When Roland and I began working together, he was not at the beginning of his photographic life. He had been working for decades, publishing internationally, exhibiting widely, and returning again and again to long-term subjects that demanded patience, depth, and endurance. His archive was vast. His experience undeniable. Yet despite this trajectory, he found himself at a familiar crossroads.
Roland was carrying two major long-term projects that had been developing for more than twenty-five years. Both were important. Both were complex. And both had reached a point where intuition and experience alone were no longer enough to move them forward with precision. The work existed, but it was heavy. The material was rich, but difficult to hold as a whole.
What he was looking for was not validation or motivation. It was clarity, structure, and a way to distill decades of material into something coherent, legible, and alive.
What emerged through this work was not speed, but direction. Roland began to see his projects not as endless accumulations, but as narratives with internal logic. This shift allowed him to move forward with confidence, even when the work itself remained unresolved in subject matter.
At the same time, something important was happening beyond the projects themselves. Roland began to internalize a clearer understanding of how the photographic ecosystem functions. How books are built. How exhibitions are shaped. How decisions made in the edit ripple outward into professional opportunities.
Our work together focused on one essential task: cutting through complexity without simplifying the subject itself. Roland’s projects deal with histories that resist resolution. Political violence, borders, chemical warfare, long-term trauma. These are not stories that lend themselves to neat conclusions. The challenge was not to reduce them, but to shape them.
One of the central projects we worked on together was Breathing Borders, a long-term body of work that Roland and I edited collaboratively for his upcoming photo book. The archive was expansive. The themes layered. The risk was dilution. The task was to identify what truly mattered, what carried narrative weight, and what needed to be left behind.
Editing became an act of responsibility.
We worked image by image, sequence by sequence, constantly asking what each photograph contributed to the larger story. Where did it deepen understanding? Where did it repeat? Where did it distract? Roland was already a disciplined photographer, but this process demanded a different kind of rigor. Not production, but decision-making to refine the story.

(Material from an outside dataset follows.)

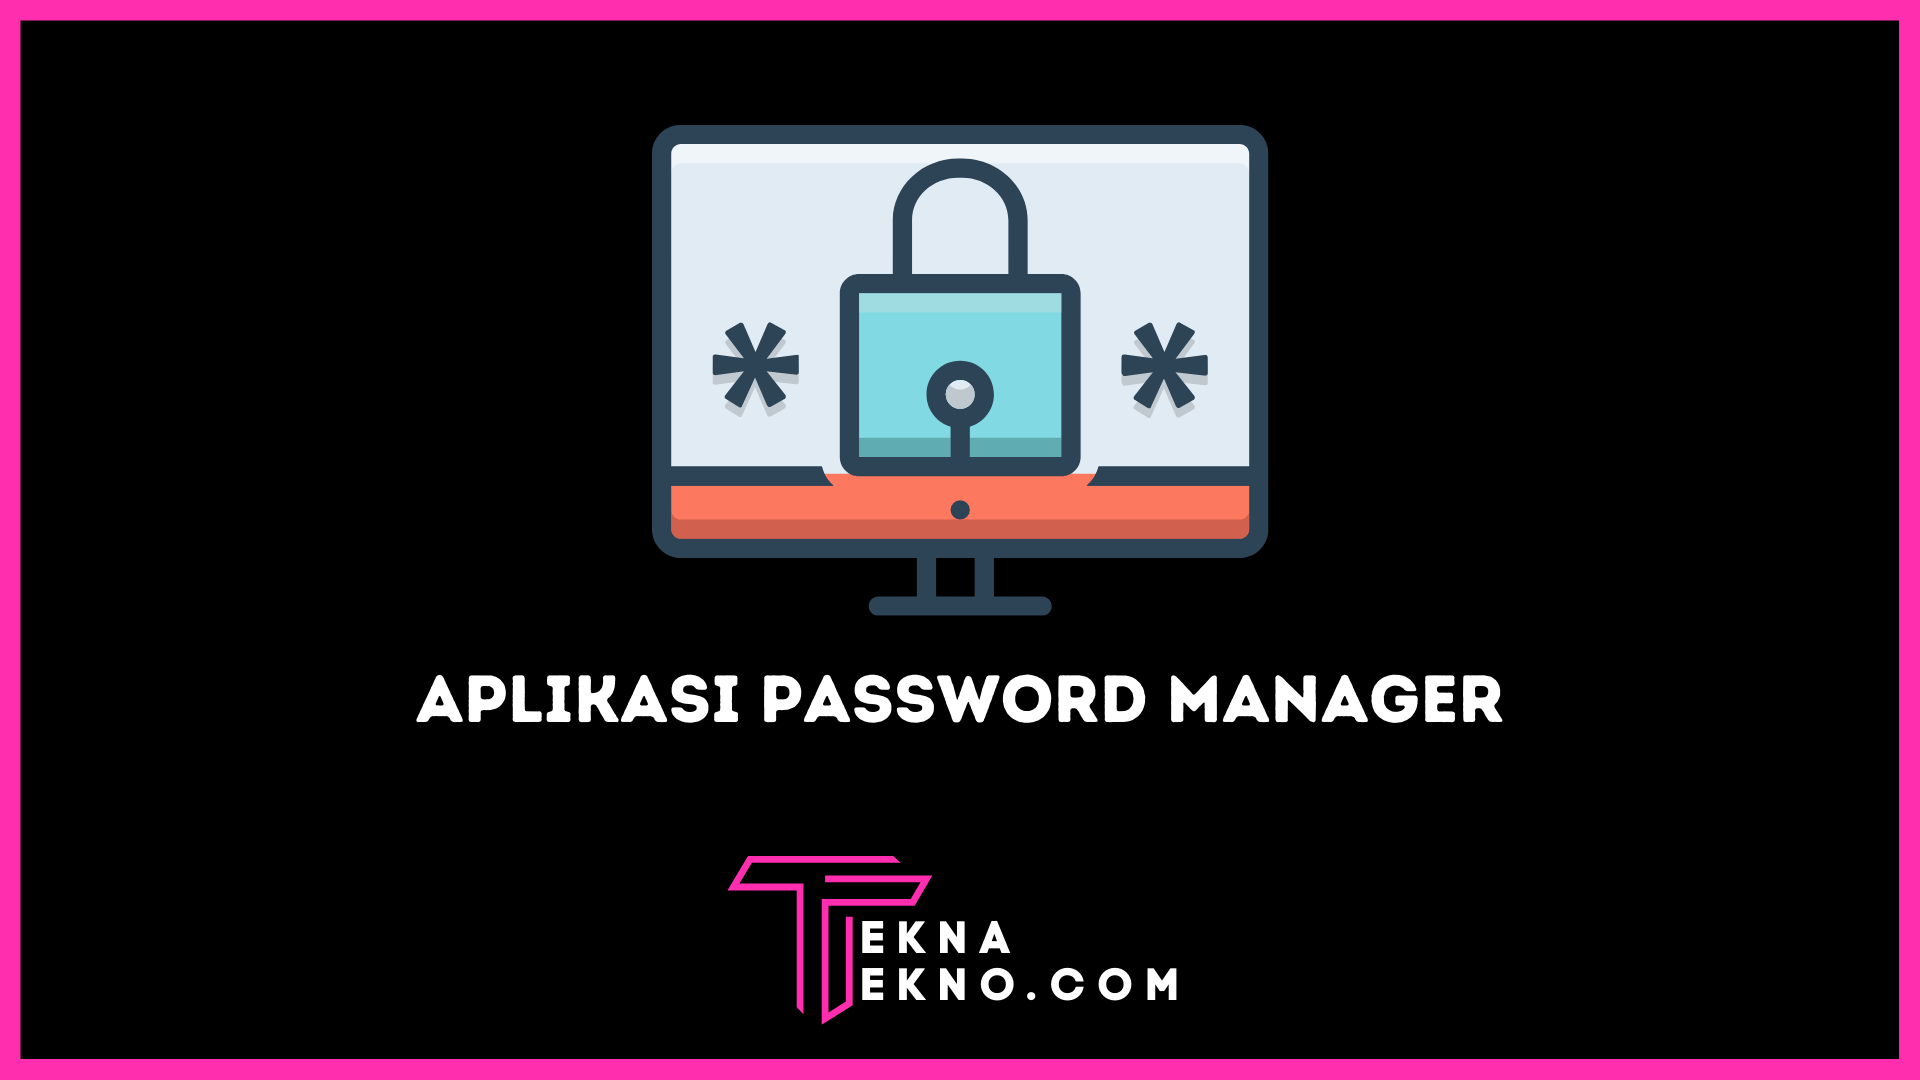 Rekomendasi Aplikasi Password Manager Terbaik dan Aman

This understanding became especially visible when Roland independently took on the challenge of transforming Krieg ohne Ende (War Without End) into a large-scale exhibition in Zurich. This project, which documents the long-term consequences of Agent Orange in Vietnam, had been developing since 1999. The material was extensive. The subject devastating. The responsibility immense.

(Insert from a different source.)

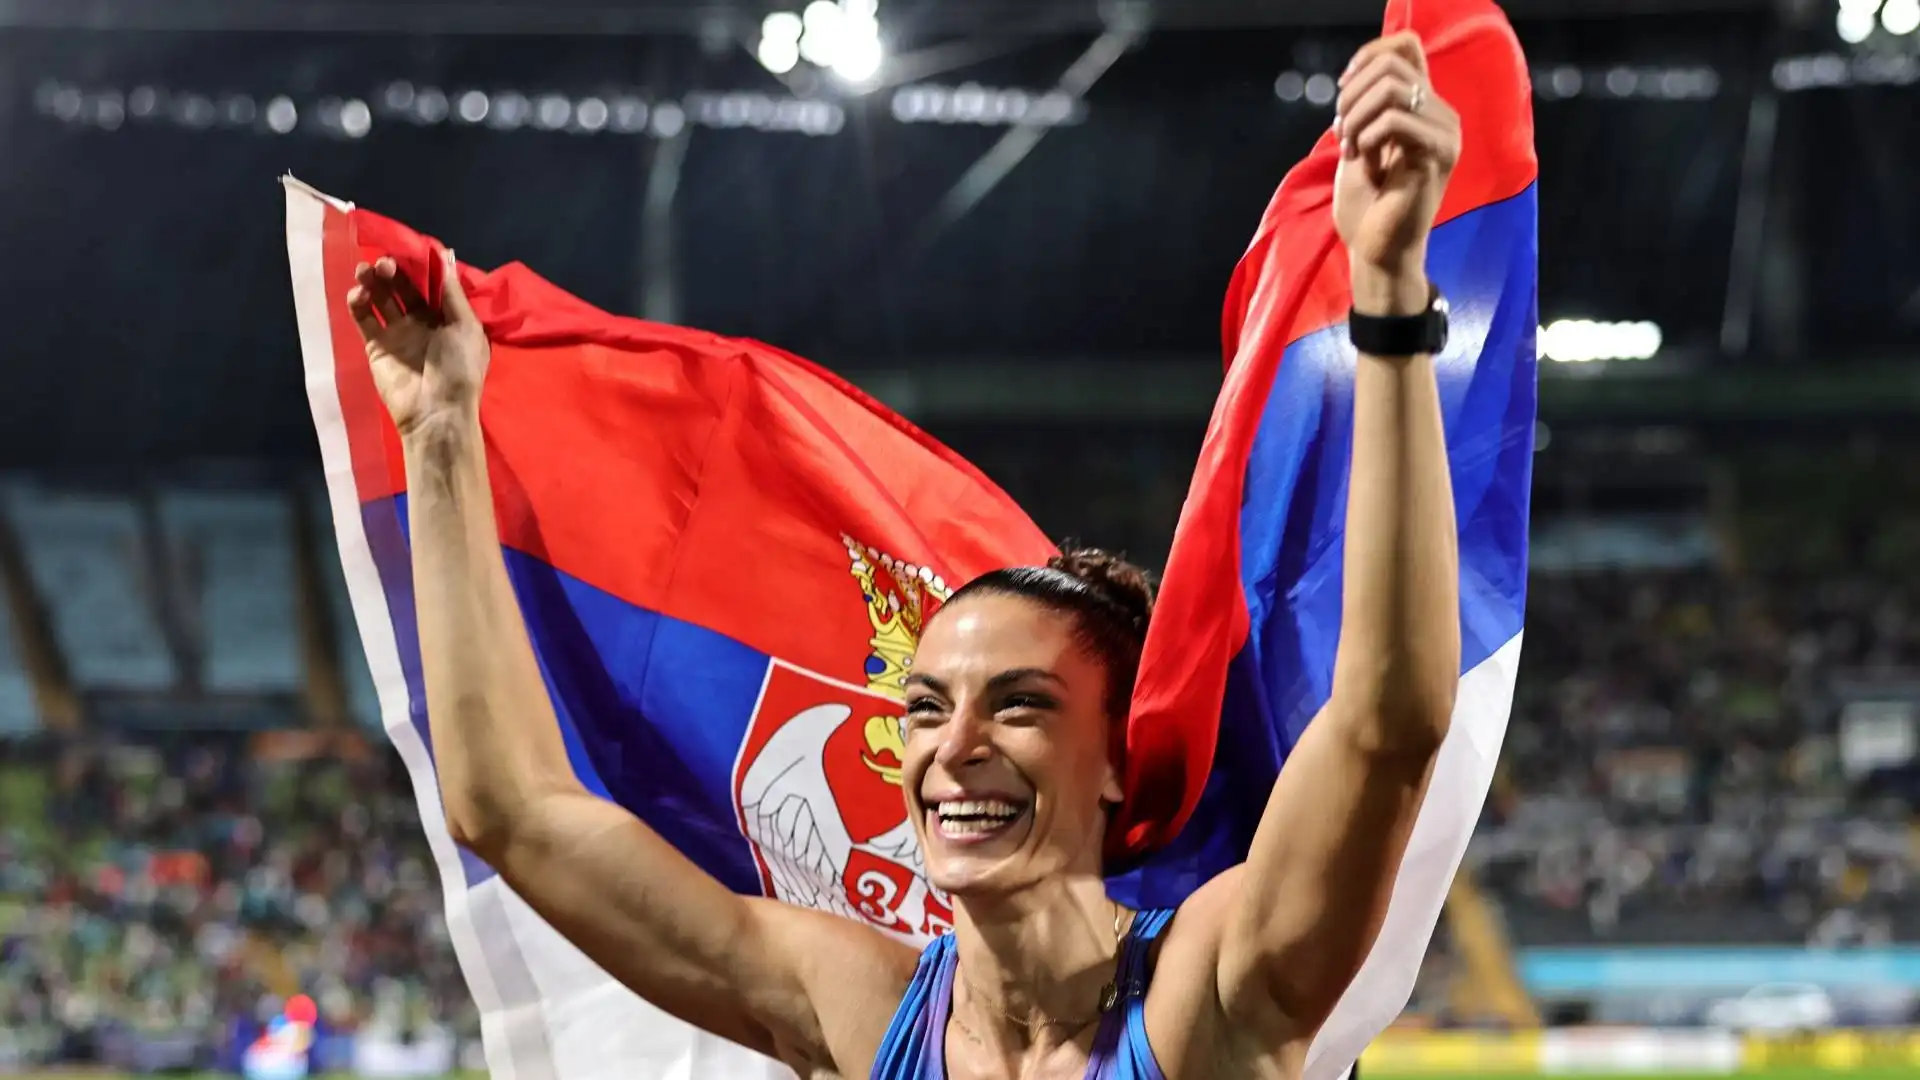 La Vuleta si è laureata campionessa nella finale del salto in lungo femminile agli Europei di Monaco

Two months before the opening, Roland received carte blanche from Photobastei for the exhibition. The space was large. The archive not fully edited. The timeline tight. Yet drawing on the editorial discipline developed through our work together, he was able to move decisively.
He edited more than 180 images. He structured the exhibition as a series of interconnected stories, some unfolding almost cinematically. He collaborated closely with journalist Peter Jaeggi on the text and worked alongside photographer Ursula Sprecher on the exhibition design. Sponsorship was secured. The project took form.
What matters here is not speed, but preparedness. Roland did not rely on instinct alone. He relied on a method that allowed him to make clear decisions under pressure. The exhibition stands as one of the most comprehensive presentations of his work to date.
At the same time, Breathing Borders, the project we have been developing toward an upcoming photo book, is entering its next phase. The direction is clear. The structure is in place. What once felt like an abstract book idea is now moving toward a concrete outcome.
What defines Roland’s journey is the way he now navigates uncertainty within his work. Doubt has not disappeared, but it no longer paralyzes decision-making. He understands that long-term documentary work rarely resolves neatly, and that perseverance is not rooted in certainty, but in sustained commitment over time.
Roland’s story challenges a common misconception about mentorship. That it is only for those at the beginning. In reality, the deeper the archive, the more essential structure becomes. Experience does not remove the need for guidance. It changes its function.
In Roland’s case, mentorship was not about learning how to see. He already knew how to do that. It was about learning how to decide. How to cut. How to stand behind choices that shape how history is told.
What has shifted is not his subject matter, but his position within it. He is no longer overwhelmed by the scale of his own work. He knows how to edit it, shape it, and move it forward.
Roland did not reinvent himself through the mentorship. He refined something already deep and serious. Through structure, sustained dialogue, and rigorous editing, his long-term work gained coherence, momentum, and professional traction.
His case demonstrates that mentorship is not about acceleration. It is about precision. About helping experienced photographers navigate complexity without losing depth. About staying with the work when it would be easier to step away.
And most importantly, about continuing, even when the end is not yet in sight.